Wordpress + Sweetcron + Sass on Slicehost


Posted August 19th, 2009 by Robert

The new Wizkid Sound website is now live, and I wanted to give a brief overview of what’s powering it. We’ve moved the site from Dreamhost to a slice on Slicehost. Dreamhost is great (I still have several sites hosted there) but I wanted a bit more control.

The site itself is a blend of Wordpress, Sweetcron, and some plain old PHP, all styled by Compass-generated Sass and Blueprint. Eyes glazed over yet? Read one of Dan’s posts :) . We’re still using Wordpress for blog posts, but we’ve started using Sweetcron to aggregate all of our Twitter and Youtube activity. Any time either of us posts something, it shows up on the Sweetcron feed (under The Feed). The advantage of Sweetcron is the ability to aggregate multiple sources (i.e. Twitter, Youtube, Vimeo, other RSS feeds, etc.) and theme it like the rest of your site.

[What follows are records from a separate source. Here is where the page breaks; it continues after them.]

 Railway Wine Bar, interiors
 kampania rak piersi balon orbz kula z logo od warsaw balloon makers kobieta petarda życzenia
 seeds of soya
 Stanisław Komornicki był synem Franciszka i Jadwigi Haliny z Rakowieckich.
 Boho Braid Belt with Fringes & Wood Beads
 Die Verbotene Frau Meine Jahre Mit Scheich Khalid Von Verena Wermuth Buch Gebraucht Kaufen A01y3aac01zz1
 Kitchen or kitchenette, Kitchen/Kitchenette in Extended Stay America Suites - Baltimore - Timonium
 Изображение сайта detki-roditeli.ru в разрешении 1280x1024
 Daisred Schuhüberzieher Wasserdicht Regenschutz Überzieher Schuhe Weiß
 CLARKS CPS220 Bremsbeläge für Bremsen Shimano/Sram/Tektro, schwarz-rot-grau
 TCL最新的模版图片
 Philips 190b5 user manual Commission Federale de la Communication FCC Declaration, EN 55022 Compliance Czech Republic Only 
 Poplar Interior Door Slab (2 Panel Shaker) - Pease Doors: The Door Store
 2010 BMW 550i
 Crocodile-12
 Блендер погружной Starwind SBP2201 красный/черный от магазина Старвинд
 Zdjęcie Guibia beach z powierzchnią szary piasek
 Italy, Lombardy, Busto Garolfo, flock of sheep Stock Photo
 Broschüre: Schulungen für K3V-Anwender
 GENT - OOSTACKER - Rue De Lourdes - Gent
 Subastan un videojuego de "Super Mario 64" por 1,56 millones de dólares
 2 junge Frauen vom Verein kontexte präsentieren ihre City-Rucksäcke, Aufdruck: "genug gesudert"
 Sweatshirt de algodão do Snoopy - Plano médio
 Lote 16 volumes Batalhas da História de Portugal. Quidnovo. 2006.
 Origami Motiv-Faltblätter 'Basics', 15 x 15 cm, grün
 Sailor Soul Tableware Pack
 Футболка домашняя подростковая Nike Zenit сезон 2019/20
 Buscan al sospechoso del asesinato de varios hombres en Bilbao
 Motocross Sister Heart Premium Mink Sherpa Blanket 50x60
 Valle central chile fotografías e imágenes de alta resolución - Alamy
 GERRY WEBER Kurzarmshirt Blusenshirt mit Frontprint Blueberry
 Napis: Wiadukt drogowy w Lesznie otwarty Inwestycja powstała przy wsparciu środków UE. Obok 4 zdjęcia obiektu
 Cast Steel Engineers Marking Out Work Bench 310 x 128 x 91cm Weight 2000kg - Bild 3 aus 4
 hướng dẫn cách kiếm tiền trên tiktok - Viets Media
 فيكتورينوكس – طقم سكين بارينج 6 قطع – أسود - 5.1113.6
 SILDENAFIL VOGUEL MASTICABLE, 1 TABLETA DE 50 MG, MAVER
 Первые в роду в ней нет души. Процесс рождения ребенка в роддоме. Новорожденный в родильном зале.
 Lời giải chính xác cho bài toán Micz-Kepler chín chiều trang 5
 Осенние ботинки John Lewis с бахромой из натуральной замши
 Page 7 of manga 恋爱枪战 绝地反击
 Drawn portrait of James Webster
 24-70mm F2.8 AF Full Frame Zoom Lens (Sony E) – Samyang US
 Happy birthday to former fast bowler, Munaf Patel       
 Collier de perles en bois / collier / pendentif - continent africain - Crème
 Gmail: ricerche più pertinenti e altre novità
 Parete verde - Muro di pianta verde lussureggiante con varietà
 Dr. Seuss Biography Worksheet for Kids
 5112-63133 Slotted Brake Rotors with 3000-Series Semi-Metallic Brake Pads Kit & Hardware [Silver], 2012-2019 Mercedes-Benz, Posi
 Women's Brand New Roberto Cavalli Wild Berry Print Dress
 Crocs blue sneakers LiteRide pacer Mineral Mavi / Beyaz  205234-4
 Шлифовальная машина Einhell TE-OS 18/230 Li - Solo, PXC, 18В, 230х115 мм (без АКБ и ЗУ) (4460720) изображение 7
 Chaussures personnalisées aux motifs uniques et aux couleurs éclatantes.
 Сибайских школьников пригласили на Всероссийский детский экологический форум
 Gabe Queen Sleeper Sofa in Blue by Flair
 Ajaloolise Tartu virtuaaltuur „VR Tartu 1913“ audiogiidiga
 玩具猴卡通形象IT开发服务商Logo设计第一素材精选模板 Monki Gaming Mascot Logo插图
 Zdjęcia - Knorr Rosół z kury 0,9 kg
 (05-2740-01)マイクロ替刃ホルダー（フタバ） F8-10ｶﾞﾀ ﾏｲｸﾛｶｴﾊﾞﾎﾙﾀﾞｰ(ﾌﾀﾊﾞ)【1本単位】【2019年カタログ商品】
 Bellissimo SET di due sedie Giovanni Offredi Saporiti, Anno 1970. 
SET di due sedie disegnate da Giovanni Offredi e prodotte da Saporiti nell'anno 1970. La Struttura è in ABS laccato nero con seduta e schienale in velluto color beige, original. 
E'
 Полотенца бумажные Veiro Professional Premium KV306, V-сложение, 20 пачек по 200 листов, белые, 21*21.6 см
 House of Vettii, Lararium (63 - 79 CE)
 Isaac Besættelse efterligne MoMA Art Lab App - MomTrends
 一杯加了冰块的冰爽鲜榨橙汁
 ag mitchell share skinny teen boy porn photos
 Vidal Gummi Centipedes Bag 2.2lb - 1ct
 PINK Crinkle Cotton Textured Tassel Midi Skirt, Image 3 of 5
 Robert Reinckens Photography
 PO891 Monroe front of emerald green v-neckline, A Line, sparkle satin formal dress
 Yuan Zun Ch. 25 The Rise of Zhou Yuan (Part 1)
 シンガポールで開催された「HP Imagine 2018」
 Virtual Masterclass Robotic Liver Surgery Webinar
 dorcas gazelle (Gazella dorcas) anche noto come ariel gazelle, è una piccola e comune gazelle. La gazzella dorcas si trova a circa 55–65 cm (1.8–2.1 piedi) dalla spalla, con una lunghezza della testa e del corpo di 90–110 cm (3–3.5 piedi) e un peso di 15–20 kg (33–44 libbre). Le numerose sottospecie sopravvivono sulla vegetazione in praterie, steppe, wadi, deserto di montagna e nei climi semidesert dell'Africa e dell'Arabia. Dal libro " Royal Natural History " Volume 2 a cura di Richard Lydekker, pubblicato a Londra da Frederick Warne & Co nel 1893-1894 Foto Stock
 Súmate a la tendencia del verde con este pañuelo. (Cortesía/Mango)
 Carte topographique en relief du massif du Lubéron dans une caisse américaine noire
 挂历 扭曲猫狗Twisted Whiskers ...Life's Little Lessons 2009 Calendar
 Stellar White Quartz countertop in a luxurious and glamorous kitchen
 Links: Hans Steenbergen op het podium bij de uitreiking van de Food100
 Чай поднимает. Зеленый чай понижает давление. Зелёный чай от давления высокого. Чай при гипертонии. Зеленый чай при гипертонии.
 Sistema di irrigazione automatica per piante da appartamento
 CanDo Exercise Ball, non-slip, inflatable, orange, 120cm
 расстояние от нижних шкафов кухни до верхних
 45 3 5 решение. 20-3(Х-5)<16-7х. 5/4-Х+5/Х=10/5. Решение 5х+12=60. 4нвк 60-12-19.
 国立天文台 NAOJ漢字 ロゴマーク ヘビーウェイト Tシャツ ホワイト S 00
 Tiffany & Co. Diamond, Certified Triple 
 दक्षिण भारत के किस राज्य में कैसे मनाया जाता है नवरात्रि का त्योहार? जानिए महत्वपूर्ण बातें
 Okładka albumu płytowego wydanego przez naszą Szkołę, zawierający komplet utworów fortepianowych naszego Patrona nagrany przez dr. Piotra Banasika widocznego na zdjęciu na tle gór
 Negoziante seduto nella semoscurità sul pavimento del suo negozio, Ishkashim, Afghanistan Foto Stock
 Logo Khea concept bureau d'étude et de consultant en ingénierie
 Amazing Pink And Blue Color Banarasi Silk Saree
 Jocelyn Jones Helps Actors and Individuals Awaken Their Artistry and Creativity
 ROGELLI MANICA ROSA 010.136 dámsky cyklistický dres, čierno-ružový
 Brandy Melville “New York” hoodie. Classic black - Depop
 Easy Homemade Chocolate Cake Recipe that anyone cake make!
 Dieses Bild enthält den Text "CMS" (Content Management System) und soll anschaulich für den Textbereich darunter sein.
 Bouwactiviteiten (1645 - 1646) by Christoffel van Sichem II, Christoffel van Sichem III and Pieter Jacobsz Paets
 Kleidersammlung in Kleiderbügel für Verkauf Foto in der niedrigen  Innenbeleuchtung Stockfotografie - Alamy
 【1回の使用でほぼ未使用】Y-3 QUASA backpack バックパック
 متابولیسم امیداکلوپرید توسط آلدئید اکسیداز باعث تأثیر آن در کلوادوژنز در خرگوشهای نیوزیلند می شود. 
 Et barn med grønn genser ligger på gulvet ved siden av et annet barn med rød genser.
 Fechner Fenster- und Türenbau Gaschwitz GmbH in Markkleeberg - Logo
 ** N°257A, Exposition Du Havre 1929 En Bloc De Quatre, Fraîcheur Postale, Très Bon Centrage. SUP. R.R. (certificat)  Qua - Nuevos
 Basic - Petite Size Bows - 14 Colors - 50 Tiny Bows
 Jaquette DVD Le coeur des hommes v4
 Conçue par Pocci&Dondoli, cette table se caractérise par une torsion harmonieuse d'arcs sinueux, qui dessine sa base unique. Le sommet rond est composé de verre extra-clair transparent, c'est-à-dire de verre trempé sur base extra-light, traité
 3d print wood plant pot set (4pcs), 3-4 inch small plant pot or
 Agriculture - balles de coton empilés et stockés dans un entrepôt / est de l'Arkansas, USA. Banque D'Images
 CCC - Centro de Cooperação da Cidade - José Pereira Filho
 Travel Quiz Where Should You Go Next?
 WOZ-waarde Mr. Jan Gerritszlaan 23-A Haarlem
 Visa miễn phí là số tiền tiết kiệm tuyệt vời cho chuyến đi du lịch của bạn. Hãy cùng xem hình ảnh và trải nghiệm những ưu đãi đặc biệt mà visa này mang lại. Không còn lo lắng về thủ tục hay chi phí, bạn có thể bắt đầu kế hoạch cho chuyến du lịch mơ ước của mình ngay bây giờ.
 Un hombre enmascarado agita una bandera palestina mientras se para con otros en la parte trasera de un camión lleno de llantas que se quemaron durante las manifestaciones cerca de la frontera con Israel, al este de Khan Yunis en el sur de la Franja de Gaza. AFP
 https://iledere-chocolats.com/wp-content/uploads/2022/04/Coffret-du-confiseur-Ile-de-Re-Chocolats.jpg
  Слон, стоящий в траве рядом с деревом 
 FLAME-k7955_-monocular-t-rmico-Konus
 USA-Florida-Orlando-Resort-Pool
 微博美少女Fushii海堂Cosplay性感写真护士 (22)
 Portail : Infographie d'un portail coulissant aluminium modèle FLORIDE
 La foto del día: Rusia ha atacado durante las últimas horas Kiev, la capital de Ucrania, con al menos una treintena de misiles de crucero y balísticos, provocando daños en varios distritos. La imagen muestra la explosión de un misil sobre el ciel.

Sass and Blueprint provide the clean layout of the site. Thanks to Zach at WeTheCitizens for recommending I check out Sass. I won’t go into depth about it, but it’s worth checking out if you’re into CSS (or fed up with it, for that matter). It’s an alternative to coding straight CSS, and a pleasure to work with.

As for the design, I wanted something ultra-clean. Most recording studios have very old-fashioned sites, as in, 1998-style. They list previous clients and have huge gear lists, and maybe some photos of the studio. That never really interested me as a musician…I’m not going to wade through the client list to find someone I recognize, and I’m probably more interested in hearing some samples of the work the studio has done. Blog posts and Twitter updates give a feel for what we do as a studio, and the music player takes care of the rest.  I got the photo of the red speaker from Fotolia, a stock images site, along with a few other images that I tried out in various designs before I settled on the grey, red, and white theme after seeing part of The Hostel 2 and being too afraid to do any more design work.

The music player we had previously used was Bandcamp’s, but they didn’t have a design that fit particularly well with the design I had come up with. If they do come up with customizable designs in the future, I will definitely switch back. For now, I’ve implemented Boutell’s XSPF Player, which is the standard XSPF player with an auto-resume feature that keeps the music playing when the user switches pages. This can be accomplished easily using iframes (and there’s no gap in music) but iframes suck. So XSPF auto-resume it is.

In Summary: Wizkid Sound = Wordpress + Sweetcron + Sass on Slicehost.